▶ **TASK DETAILS**
Would you please repeat exactly the entries below, starting at the line with "onbekend - Das" and ending at the line with "Toldo playa Velabog", and nothing outside that range? Leave out the pictures.

▶ **RECORDS SUPPLIED**
+ + + + +

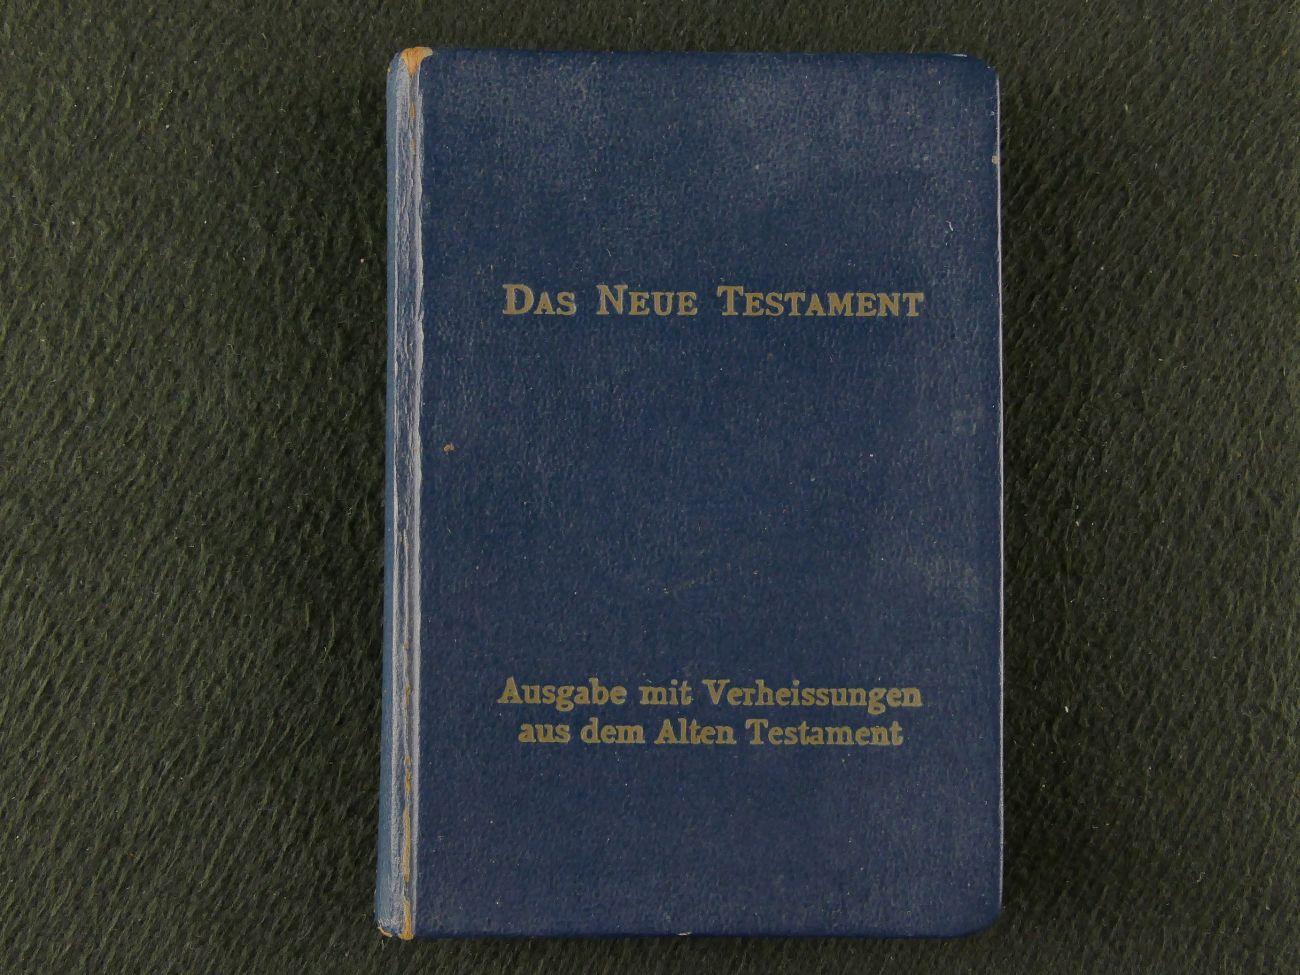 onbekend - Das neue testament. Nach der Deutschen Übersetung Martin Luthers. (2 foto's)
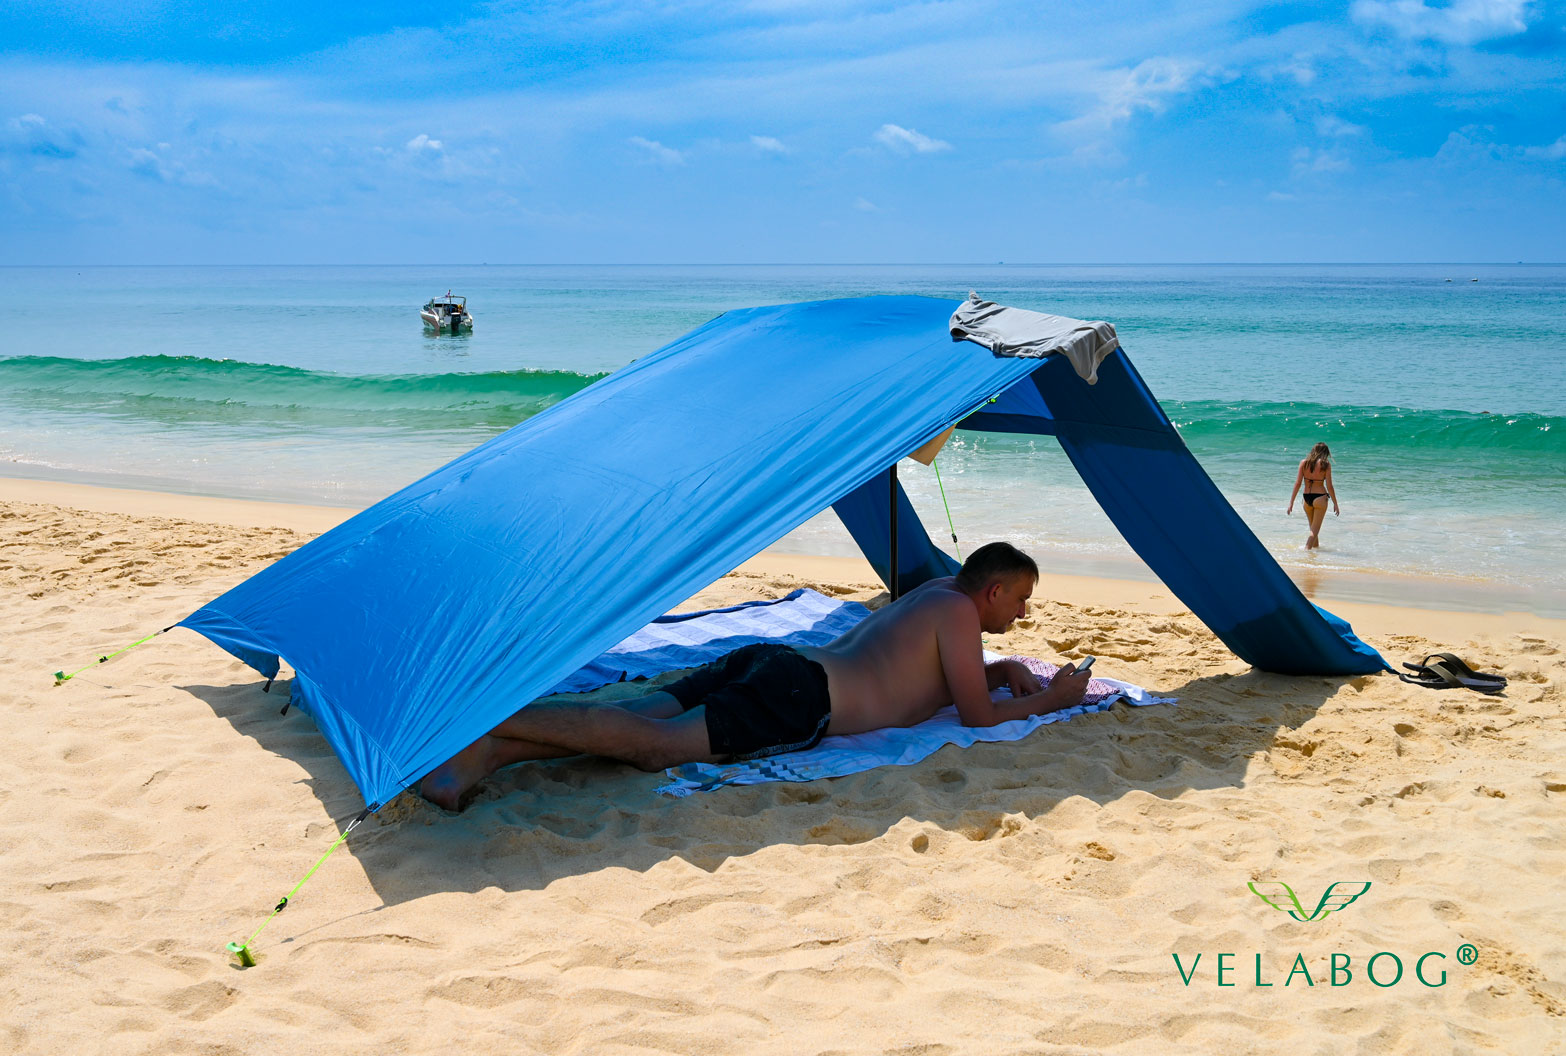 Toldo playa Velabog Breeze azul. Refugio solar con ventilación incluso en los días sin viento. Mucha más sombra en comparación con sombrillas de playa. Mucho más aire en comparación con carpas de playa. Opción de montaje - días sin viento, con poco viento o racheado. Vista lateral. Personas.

+ + + + +

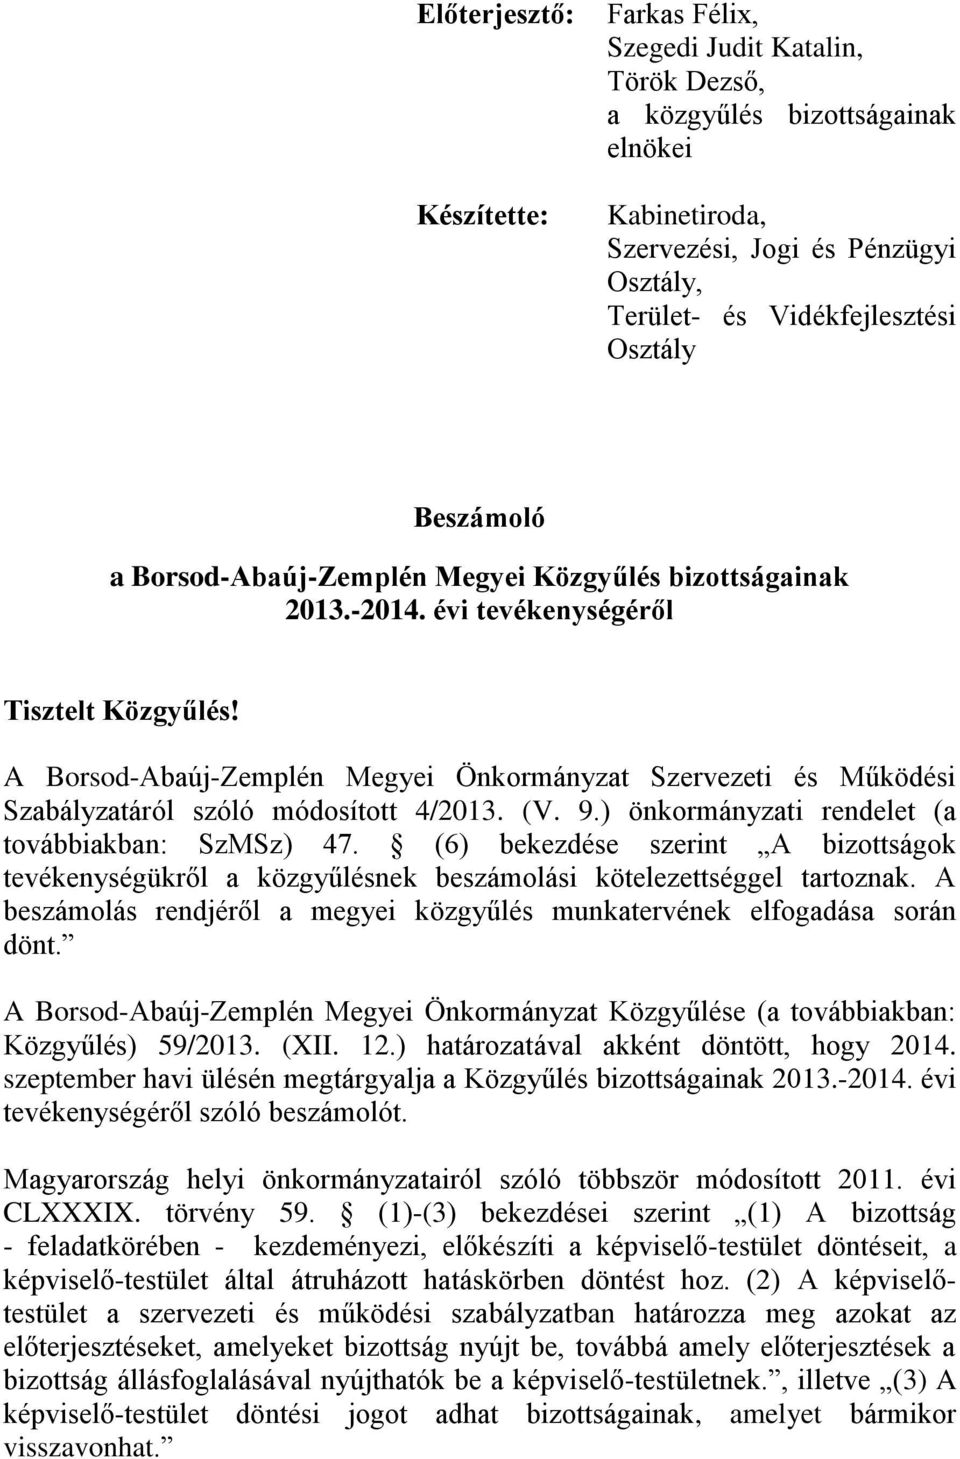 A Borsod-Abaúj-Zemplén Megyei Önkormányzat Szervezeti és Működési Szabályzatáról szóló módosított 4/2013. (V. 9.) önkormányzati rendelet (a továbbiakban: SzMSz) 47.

+ + + + +

▶ **ANSWER SECTION**
 onbekend - Das neue testament. Nach der Deutschen Übersetung Martin Luthers. (2 foto's)
 Toldo playa Velabog Breeze azul. Refugio solar con ventilación incluso en los días sin viento. Mucha más sombra en comparación con sombrillas de playa. Mucho más aire en comparación con carpas de playa. Opción de montaje - días sin viento, con poco viento o racheado. Vista lateral. Personas.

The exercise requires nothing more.